I figured out a way to do this, but my code is very long, because I aggregate the data per task and then join all these separate dataframes together into one. I’m curious whether there is a more elegant (shorter) way to do this?
library(tidyverse)
EarlyAccess <- read_csv("https://dropbox.com/s/antzwk1jh4ldrhi/EarlyAccess_anon.csv?dl=1")
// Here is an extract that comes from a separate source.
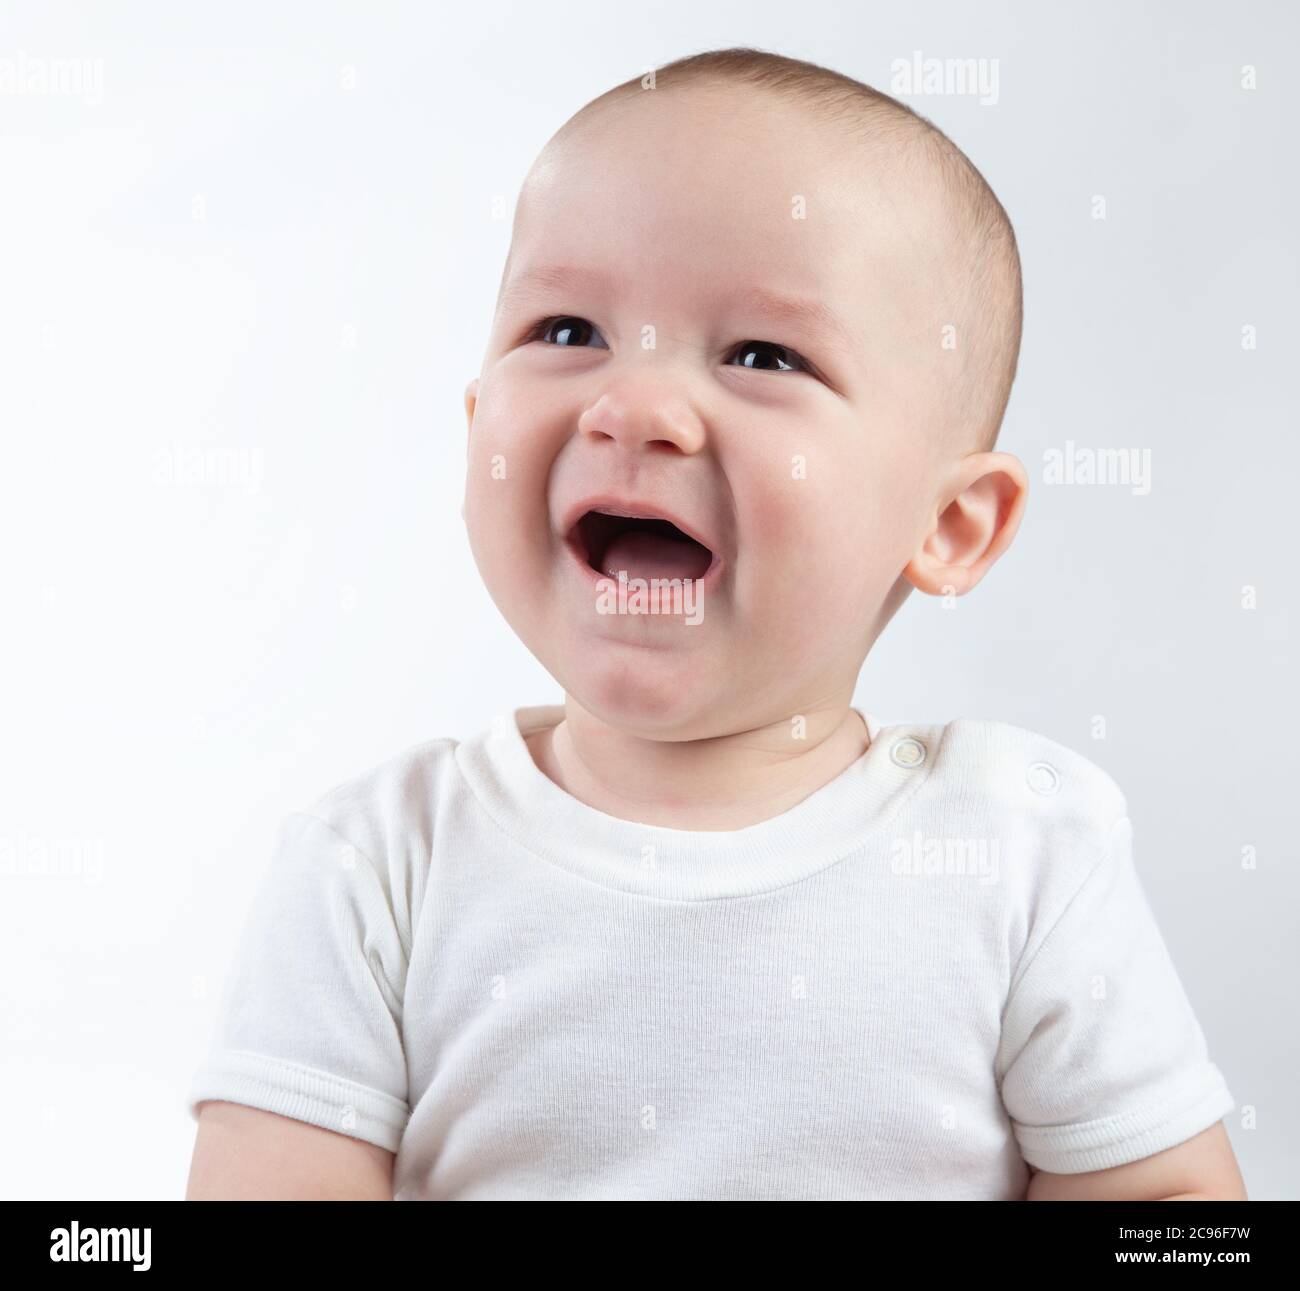 Portrait d'un bébé malheureux de neuf mois sur fond blanc Banque D'Images

#################### STABILITY ################################################
Proportions_tasks_stability <- EarlyAccess %>%
select(size, Improving.stability..generic..thermal..pH.) %>%
group_by(size, Improving.stability..generic..thermal..pH.) %>%
summarise(count_var_stability=n())%>%
mutate(total_group_by_size = sum(count_var_stability)) %>%
mutate(pc_var_stability=count_var_stability/sum(count_var_stability)*100) %>%
filter(Improving.stability..generic..thermal..pH.=="Improving stability (generic, thermal, pH)") %>%
select(size, Improving.stability..generic..thermal..pH., pc_var_stability)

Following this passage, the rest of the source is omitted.